Task:
Print exactly the lines below between the line holding "Food For Easter Dinner" and the line holding "My cousin was", inclusive, and nothing more.

Provided data:
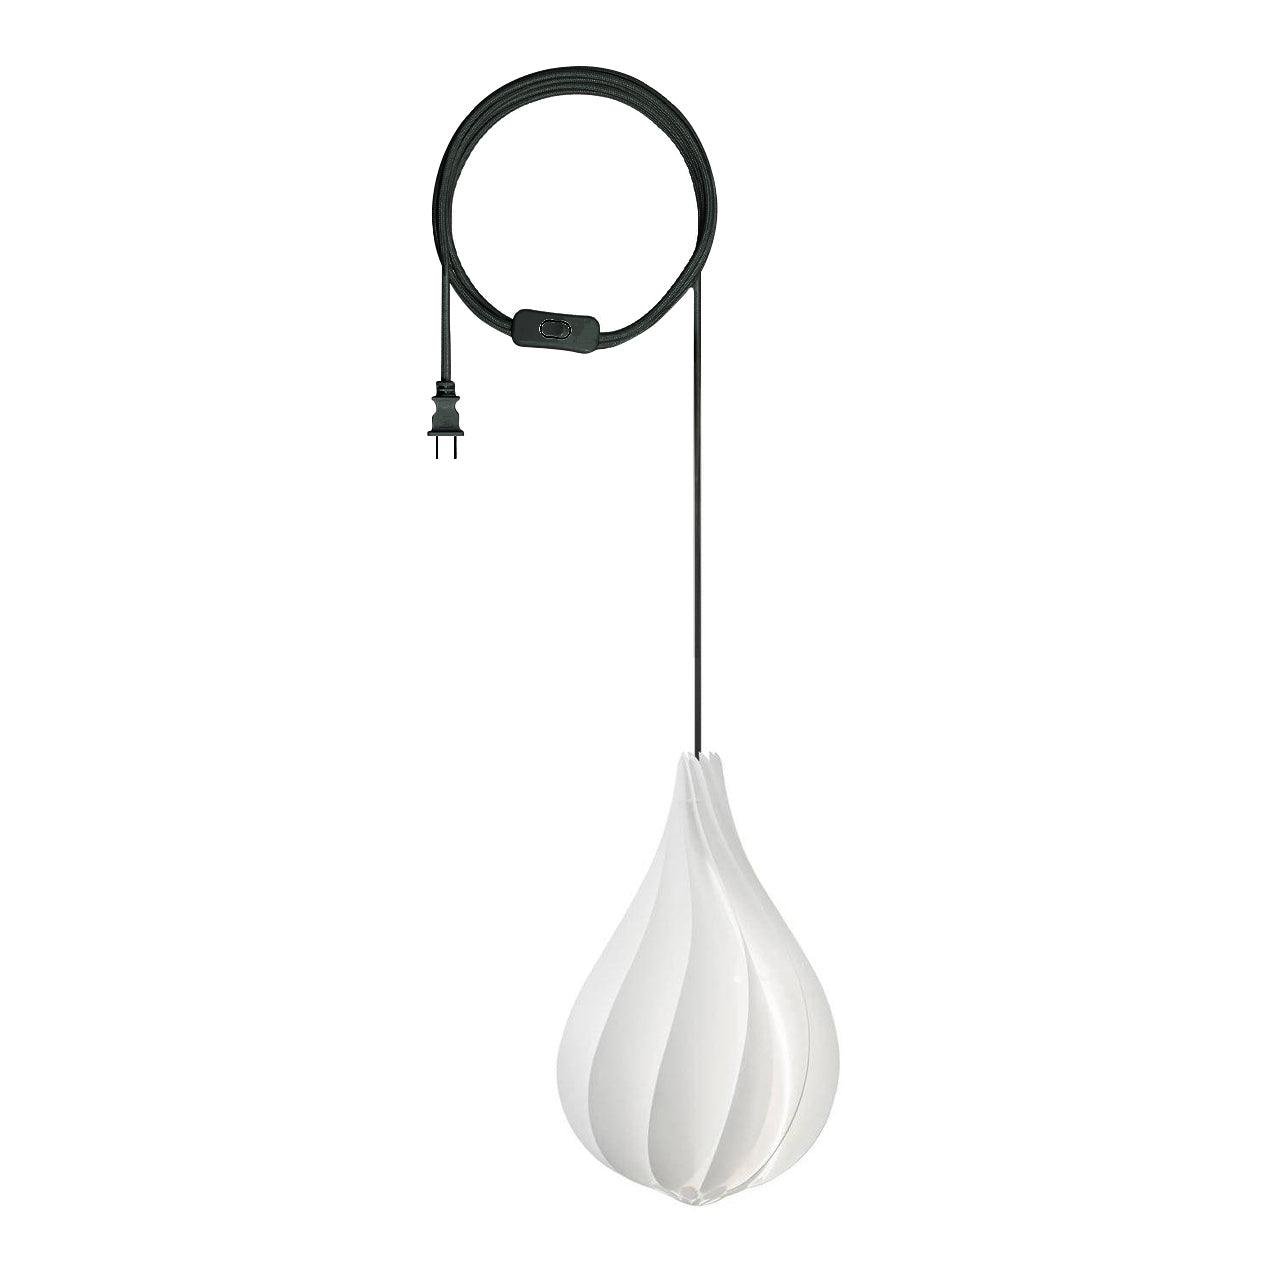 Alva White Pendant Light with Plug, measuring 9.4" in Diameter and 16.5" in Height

* * *

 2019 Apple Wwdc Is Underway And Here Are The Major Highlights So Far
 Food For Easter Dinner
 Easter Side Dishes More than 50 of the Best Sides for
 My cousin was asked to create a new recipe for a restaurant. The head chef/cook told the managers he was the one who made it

Output below:
 Food For Easter Dinner
 Easter Side Dishes More than 50 of the Best Sides for
 My cousin was asked to create a new recipe for a restaurant. The head chef/cook told the managers he was the one who made it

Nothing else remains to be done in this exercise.